### WHAT NEEDS TO BE DONE:
Transcribe the listing verbatim, please, with images dropped.

### PROVIDED MATERIAL:
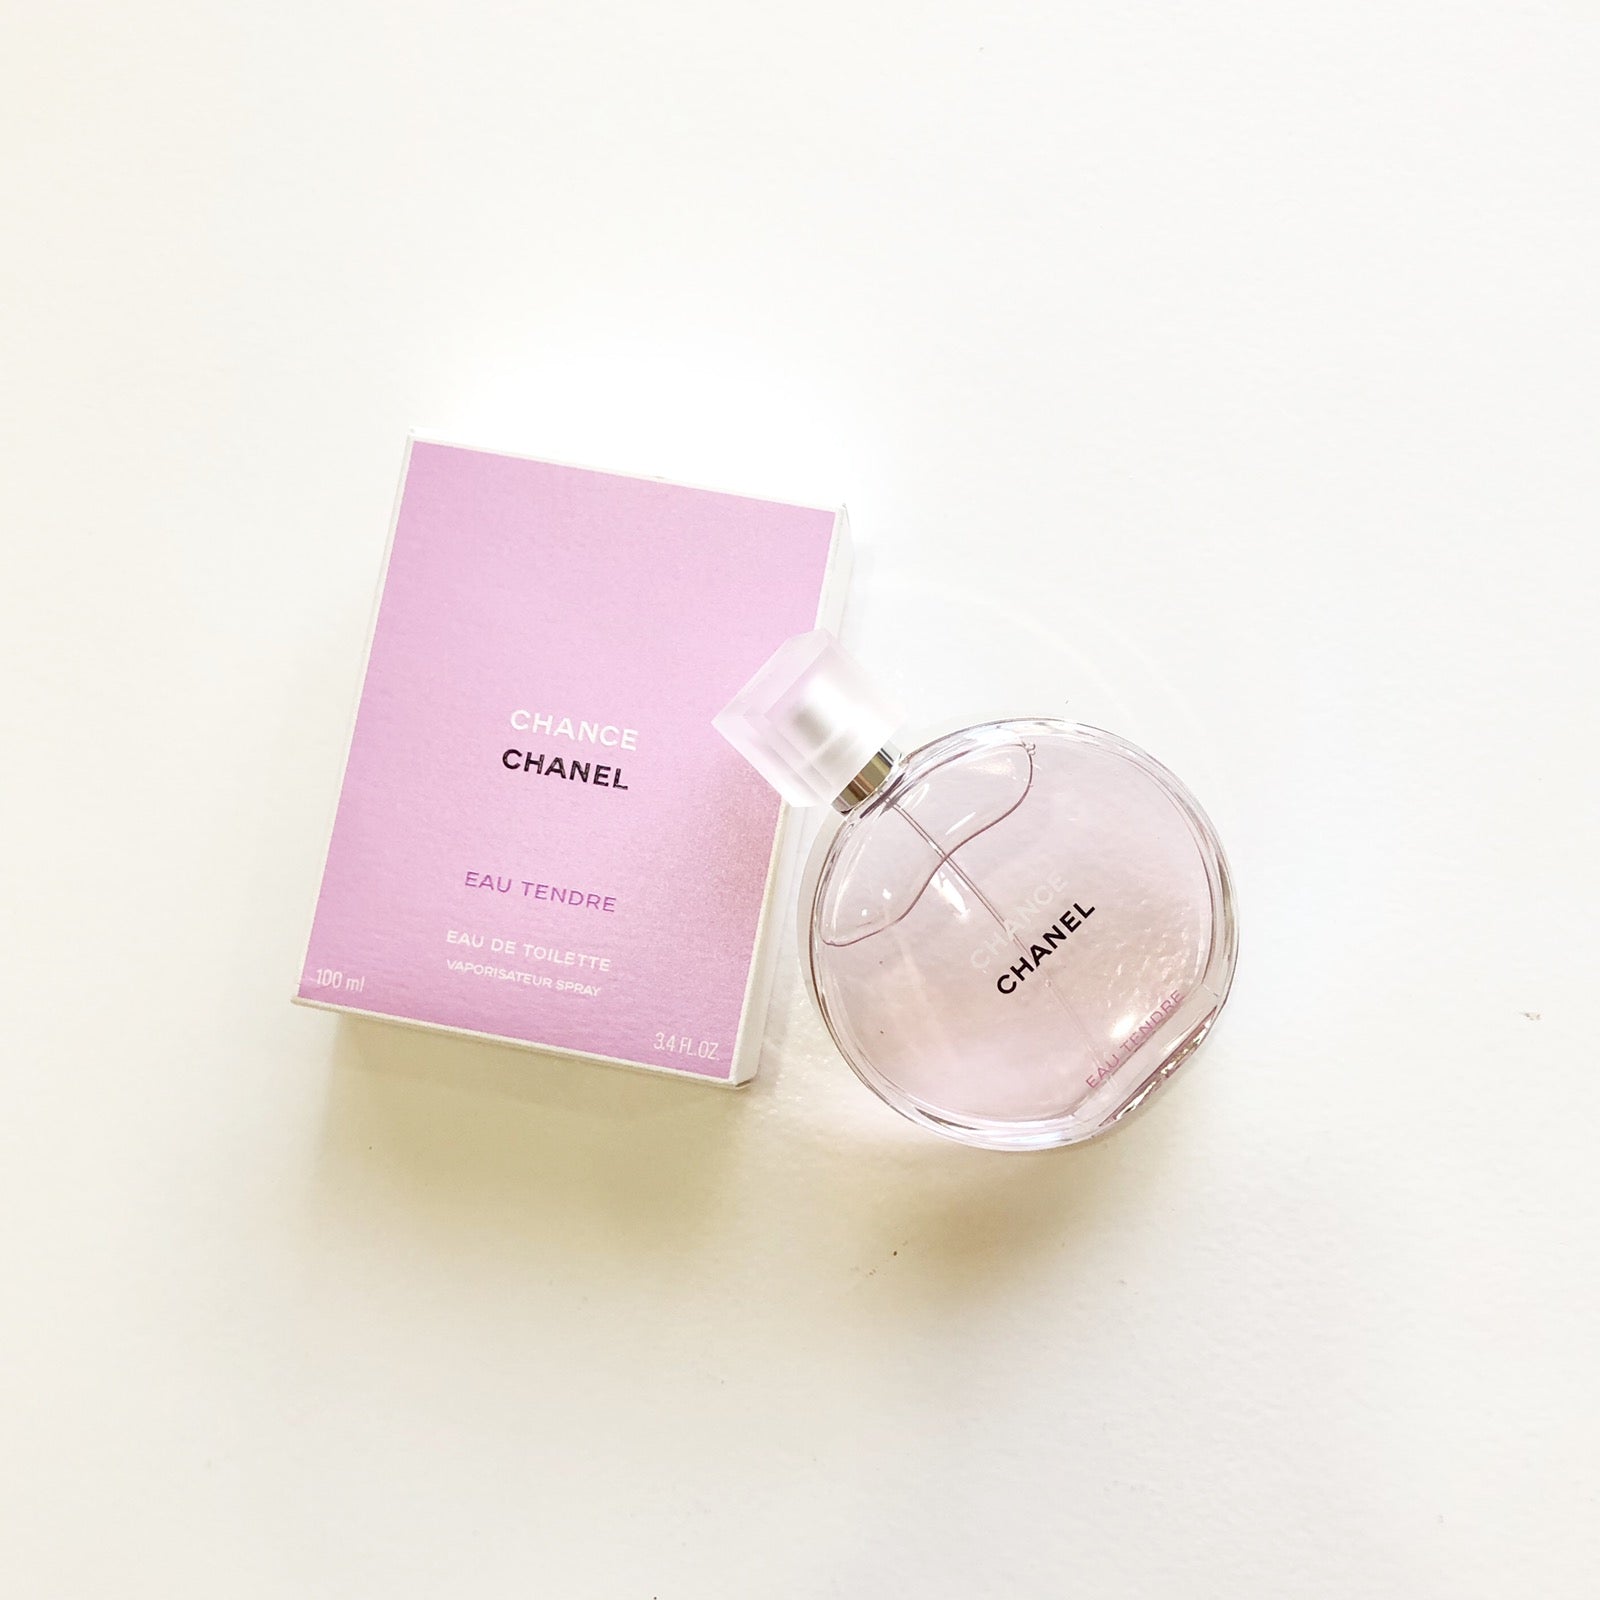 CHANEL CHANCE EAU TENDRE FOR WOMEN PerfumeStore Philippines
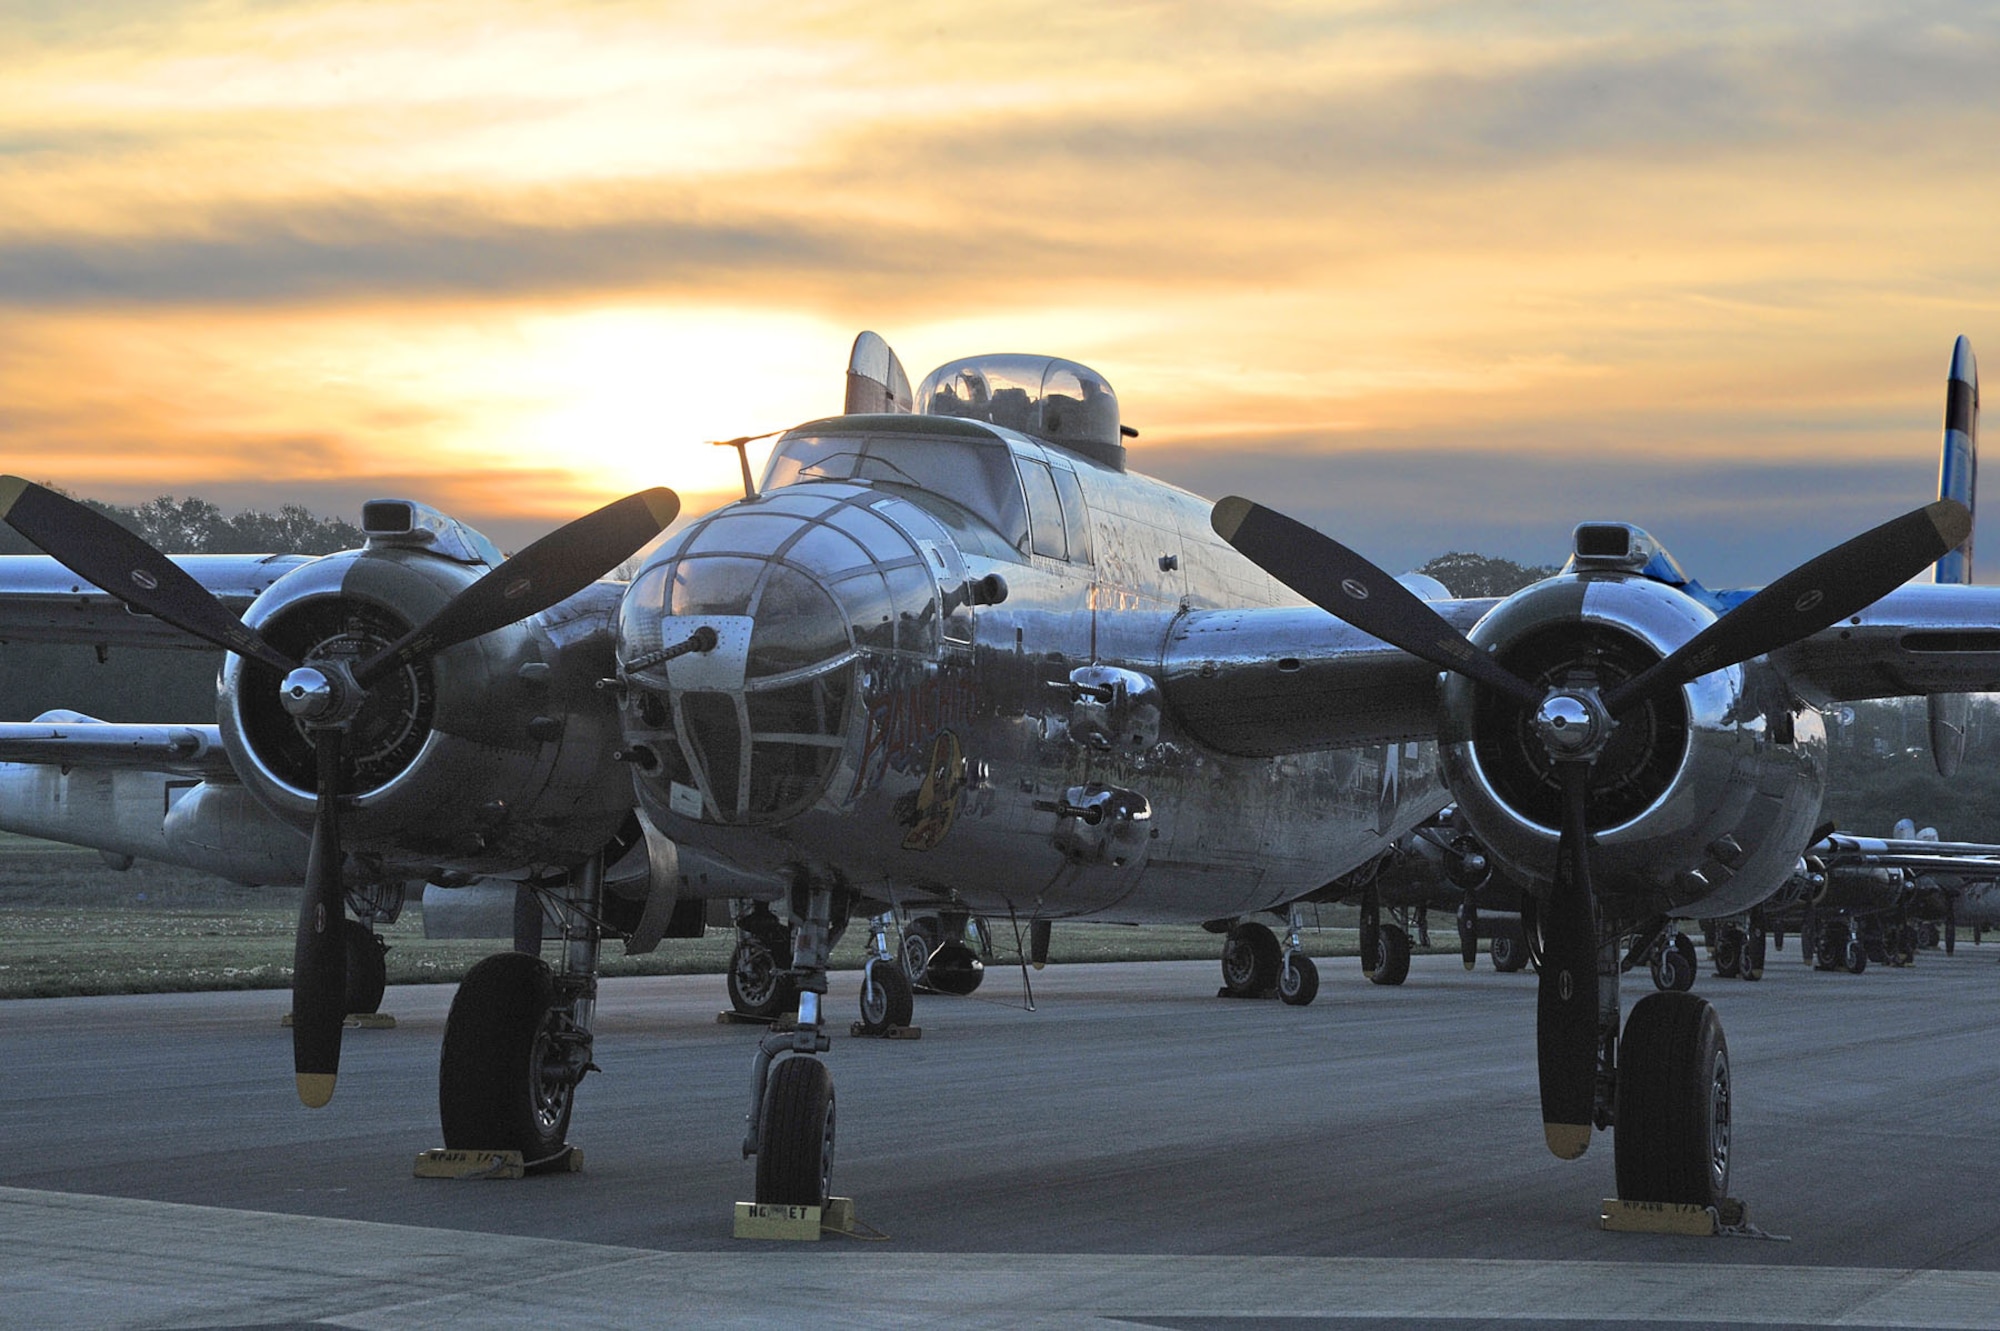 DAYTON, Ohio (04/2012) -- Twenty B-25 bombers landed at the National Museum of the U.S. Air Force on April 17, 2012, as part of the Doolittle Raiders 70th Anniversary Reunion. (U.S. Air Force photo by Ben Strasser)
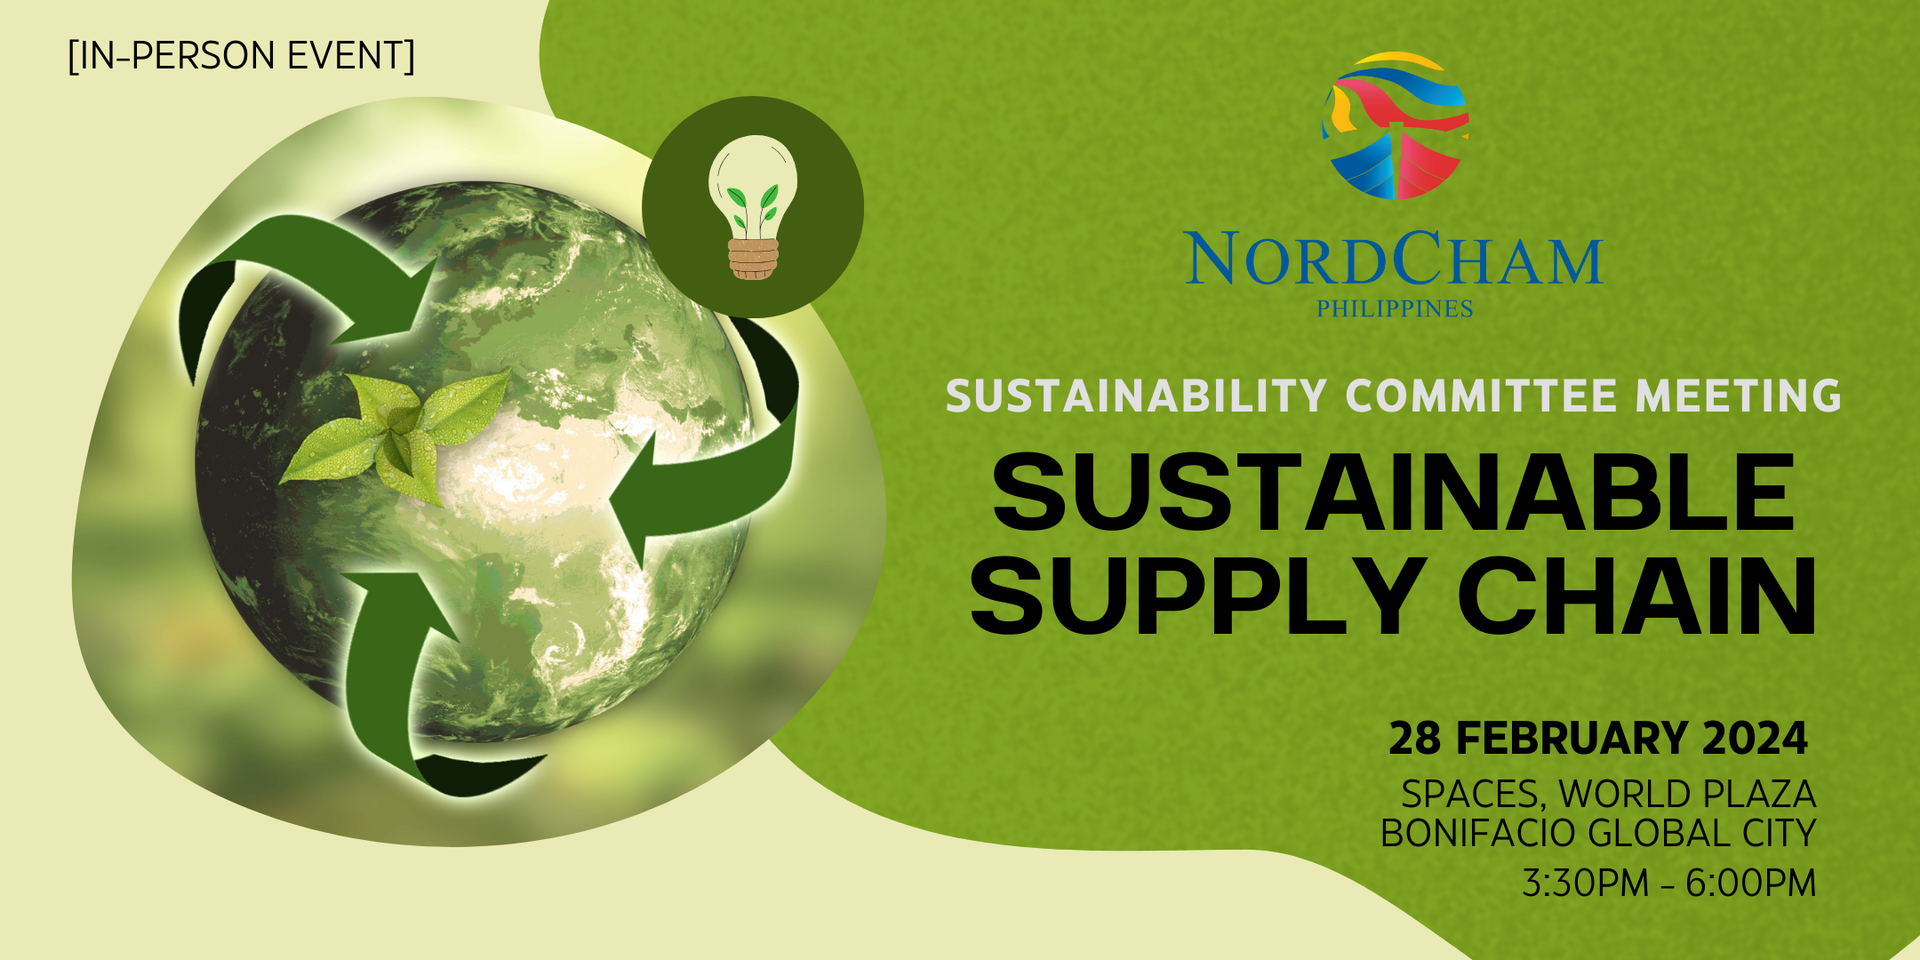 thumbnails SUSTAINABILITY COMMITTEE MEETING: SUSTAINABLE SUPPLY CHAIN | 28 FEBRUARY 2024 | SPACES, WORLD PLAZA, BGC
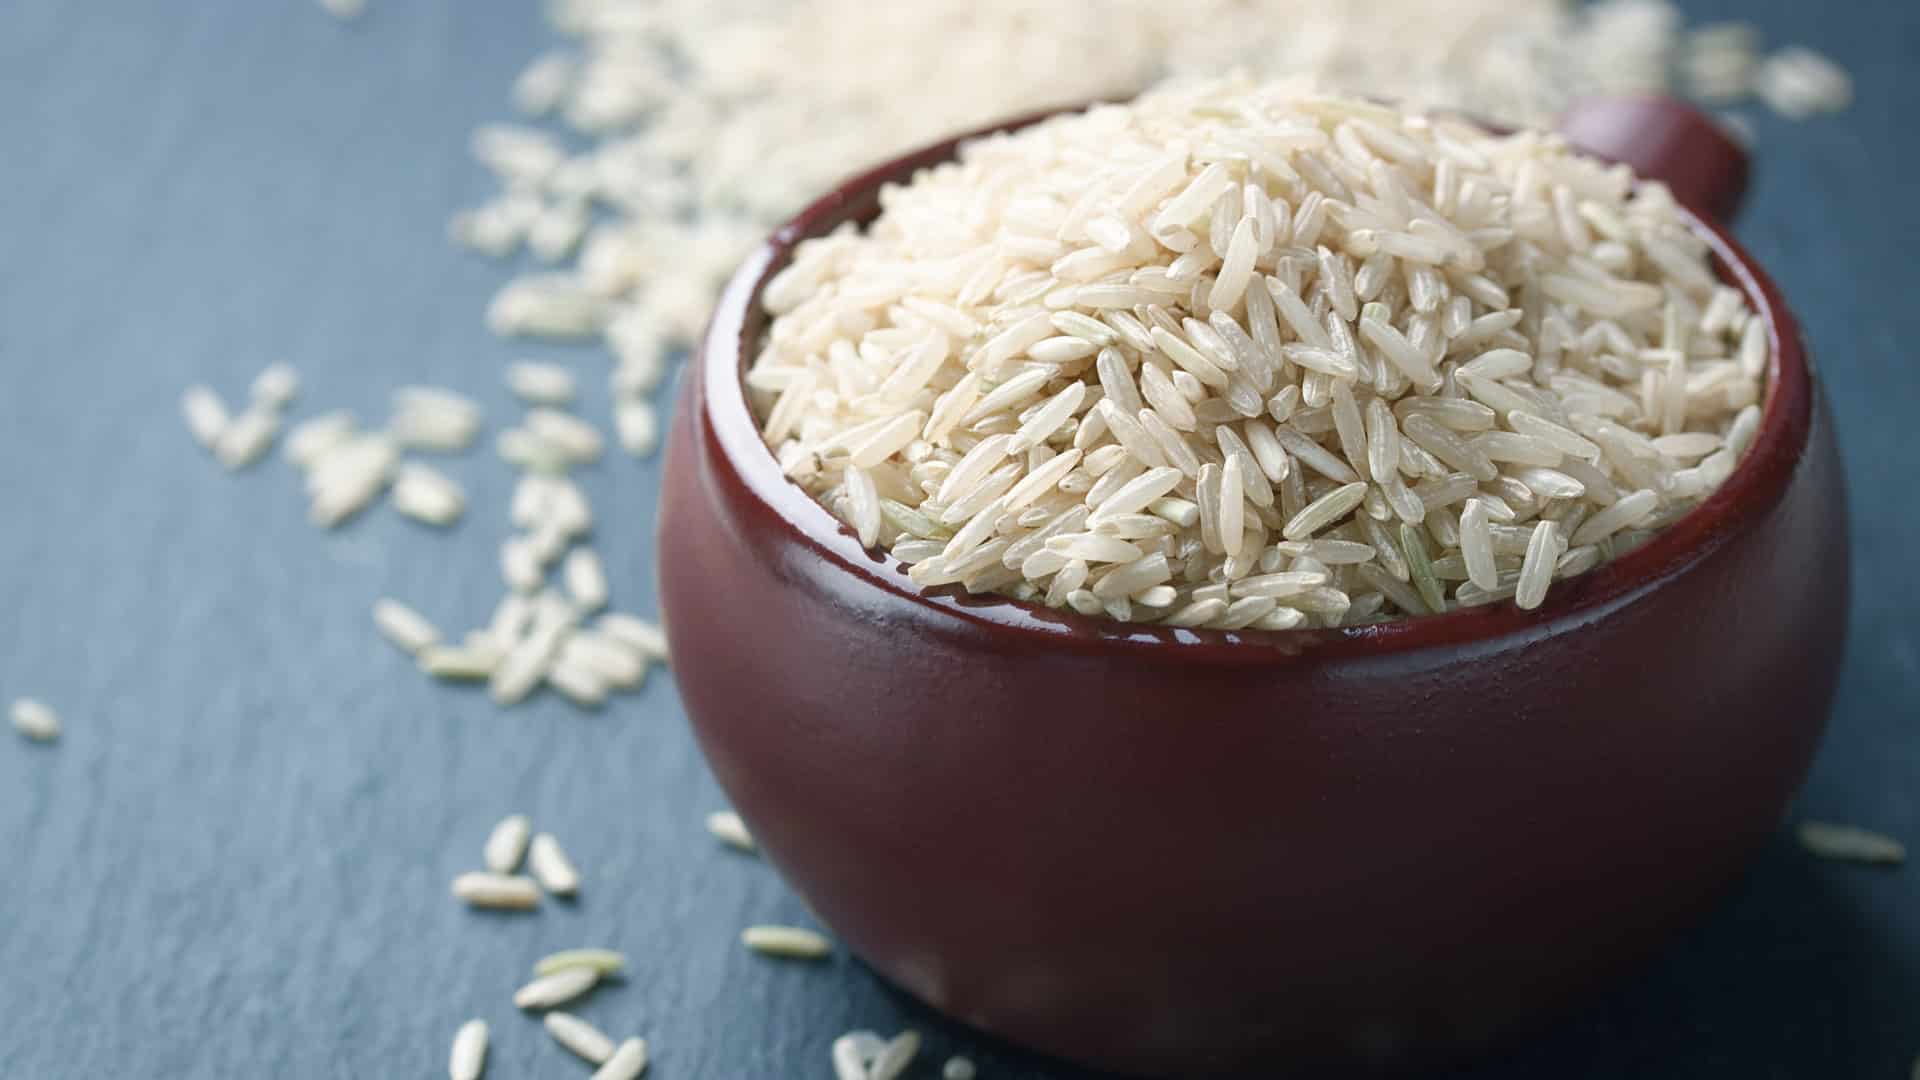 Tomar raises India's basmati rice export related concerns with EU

### ANSWER TO THE PROBLEM:
 CHANEL CHANCE EAU TENDRE FOR WOMEN PerfumeStore Philippines
 DAYTON, Ohio (04/2012) -- Twenty B-25 bombers landed at the National Museum of the U.S. Air Force on April 17, 2012, as part of the Doolittle Raiders 70th Anniversary Reunion. (U.S. Air Force photo by Ben Strasser)
 thumbnails SUSTAINABILITY COMMITTEE MEETING: SUSTAINABLE SUPPLY CHAIN | 28 FEBRUARY 2024 | SPACES, WORLD PLAZA, BGC
 Tomar raises India's basmati rice export related concerns with EU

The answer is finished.